Wer hätte gedacht, daß der wildlustige Bursche in des Pfarrers Stube steht, eine ganze Alpenglut auf seinen Wangen trägt und mit beiden Händen die Krempen seines Hutes zerpreßt.
Der Pfarrer zu Holdenschlag – das muß ein scharfer Mann sein – geht würdigen Schrittes in der Stube auf und ab und sagt mit väterlicher Stimme die Worte: »Zähme dich, mein Sohn, und bete, verlängere dein Abendgebet dreimal oder siebenmal, wenn es nötig ist. Die Versuchung wird weichen. – Heiraten! Ein Habenichts, wozu denn? Hast du Haus und Hof, hast du Gesinde, Kinder, daß du ein Weib brauchst? – Nun also! – Auf den Bettelstab heiraten, die Narrheit geht nicht an. Wie alt bist du denn?«
Auf diese Frage errötet der Bursche noch mehr. Es ist eine schauderhafte Blödheit, wenn einer sein Alter nicht weiß. Und er weiß es nicht. Um zehn Jahre wird er nicht fehlen, wenn er aufs Geratewohl zwanzig sagt.

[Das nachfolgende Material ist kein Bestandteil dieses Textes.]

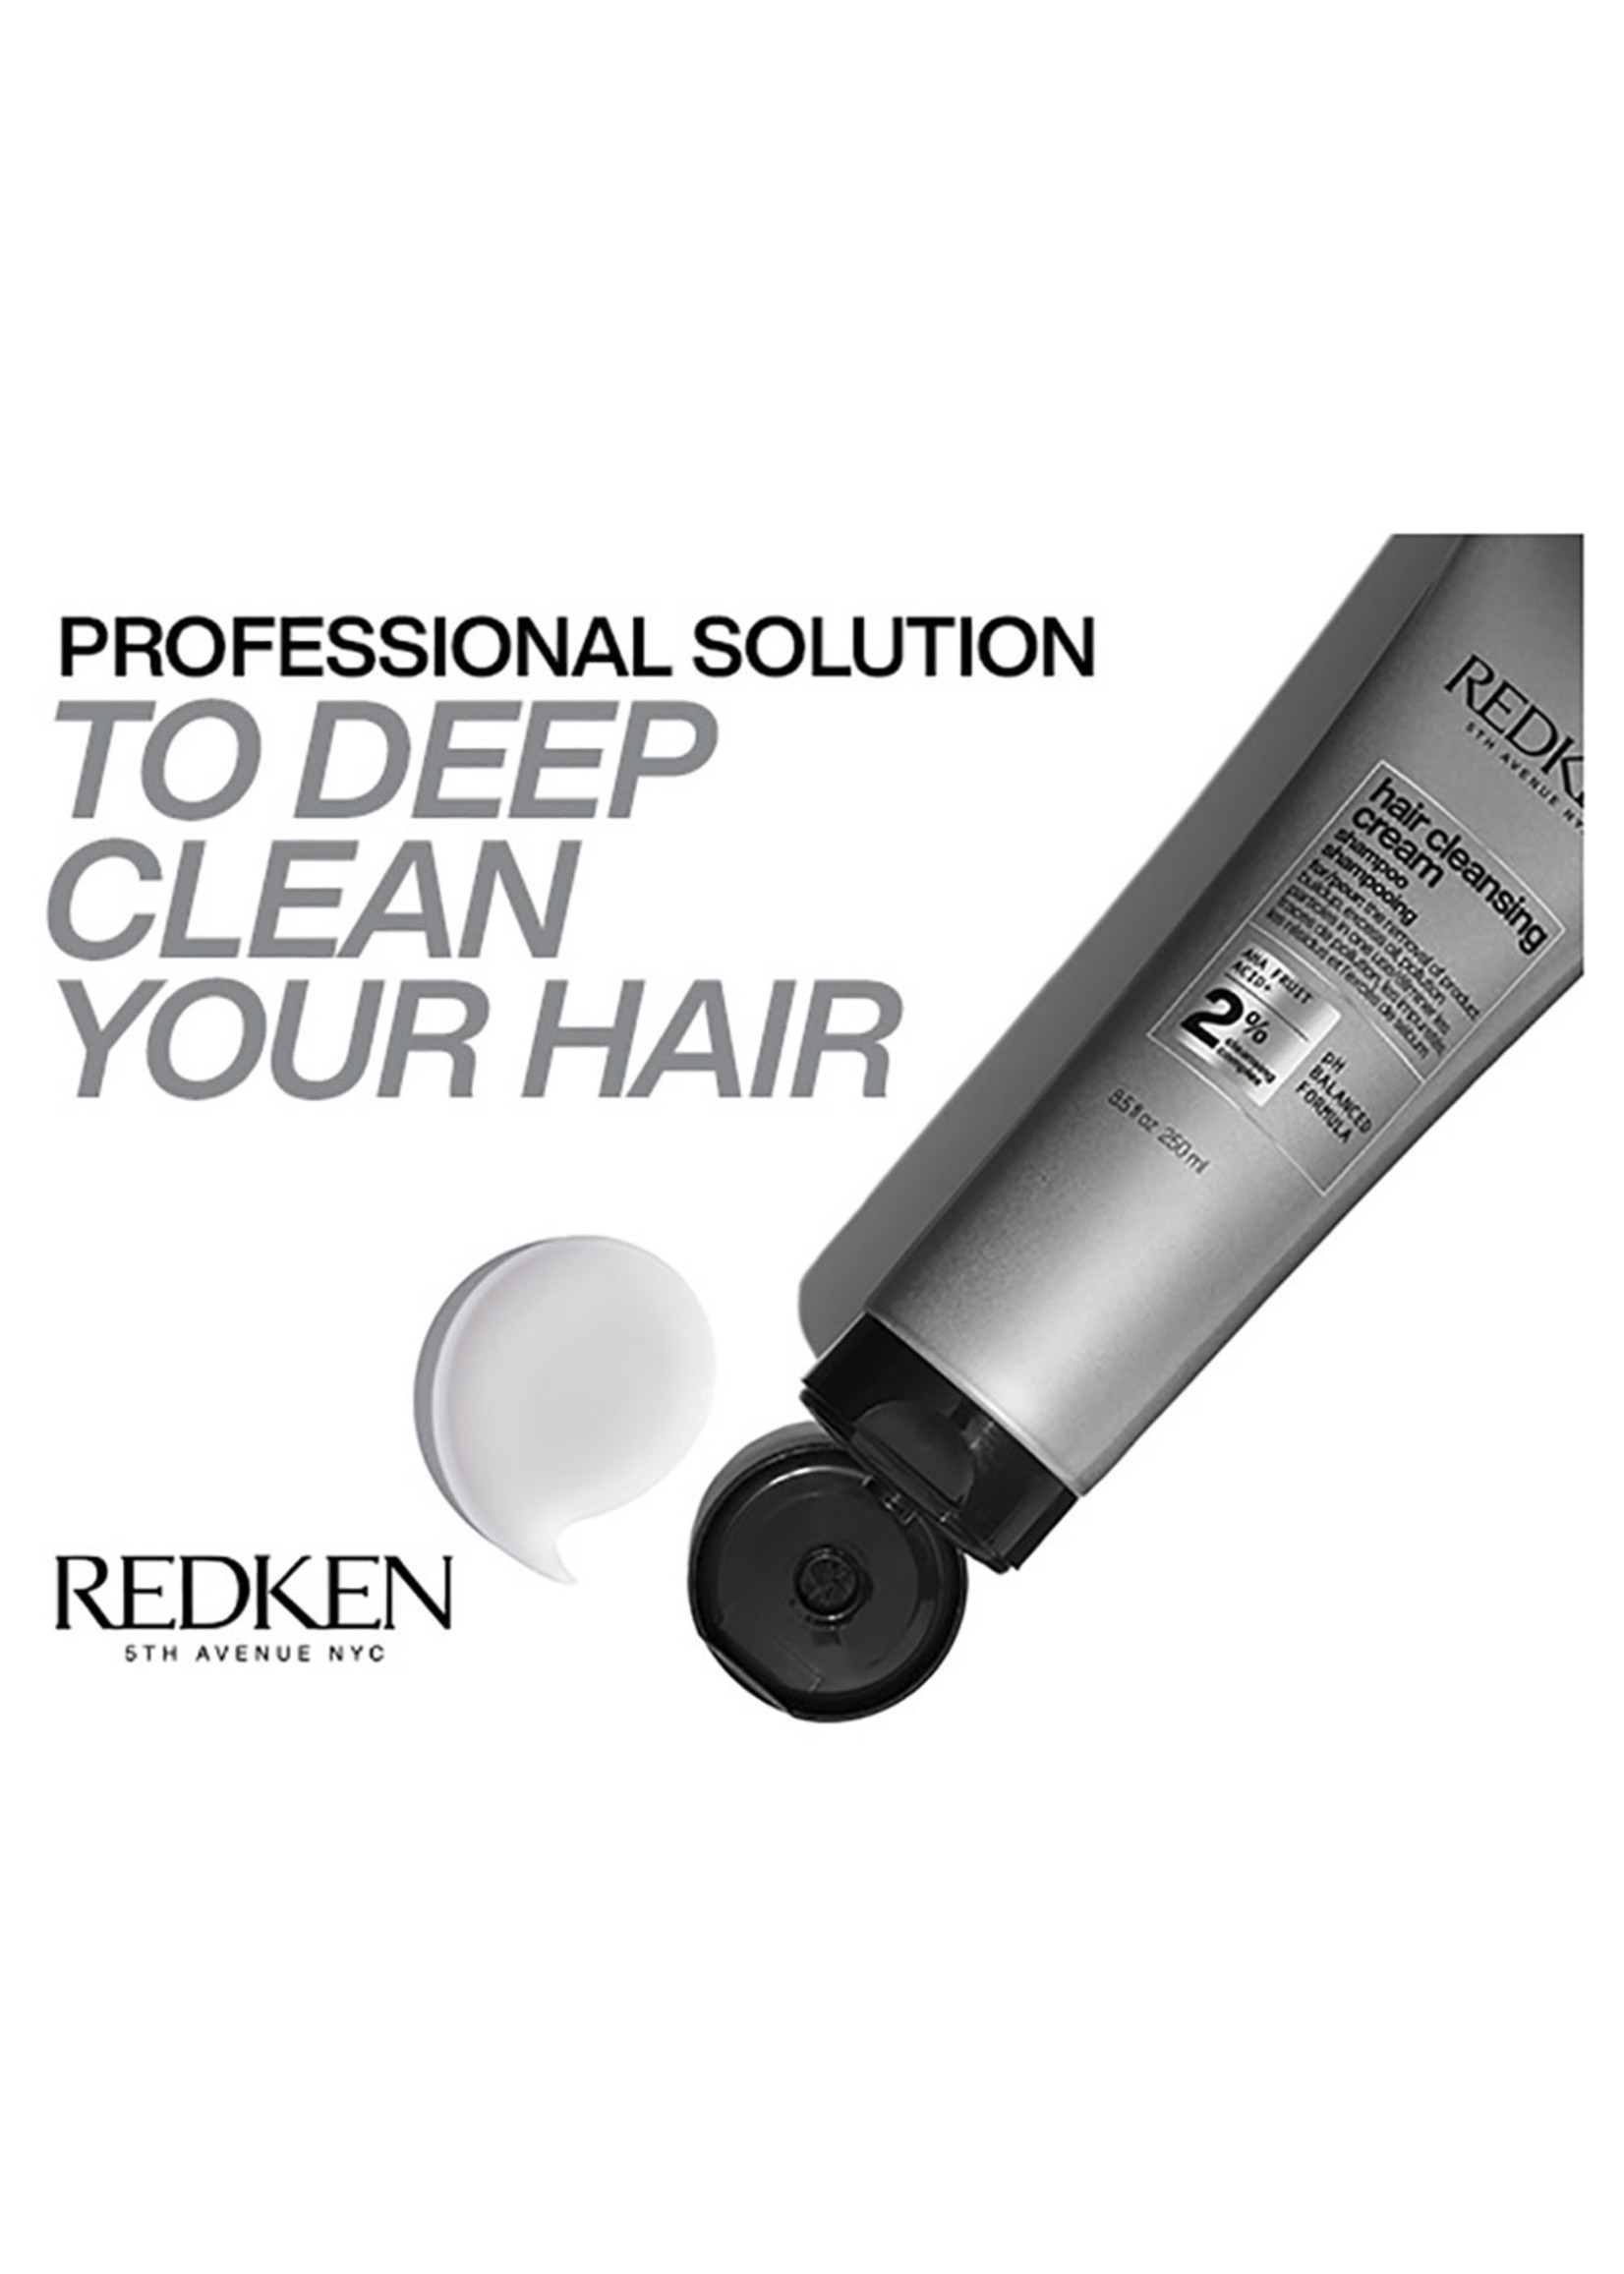 Redken Redken Hair Cleansing Cream Shampoo 250ml

»Werde dreißig, erwirb dir Haus und Hof, und dann komme wieder!« ist des Pfarrers Bescheid. Darauf geht er in die Nebenstube, und der Berthold bleibt stehen und ihm ist, als müsse er noch was sagen – ein gewichtig Wort, das alle Einwände zu Boden wirft und der Herr beigeben muß: ei, das ist ganz anders, dann heiratet in Gottesnamen.
Aber der Bursche weiß kein Wort, das es vermöchte zu deuten und hell zu künden, warum er eins – ewig eins sein will mit Aga, dem armen Almmädchen.
Da der Pfarrer nicht mehr zurückkehrt aus der Nebenstube, sondern in derselben sein Frühstück verzehrt, wendet sich der Bursche endlich traurig der Tür zu und steigt die Treppe nieder, auf der er vorher wie auf einer Himmelsleiter mit voller Zuversicht emporgestiegen war.
Aber auf der grünen Erd' angelangt, ist er ein anderer. Und es ist ein Arg' gewesen, wie der Bursche sich an diesem zweiten Hochzeitstage übermütig toll gebärdet hat.
Am Nachmittage haben sich gepaart Mann und Weib, Bursch und Magd; der Andreas Erdmann hat sich zum alten, bärtigen Rüpel gesellt, und so sind wir alle zurückgegangen in die Wälder der Winkel.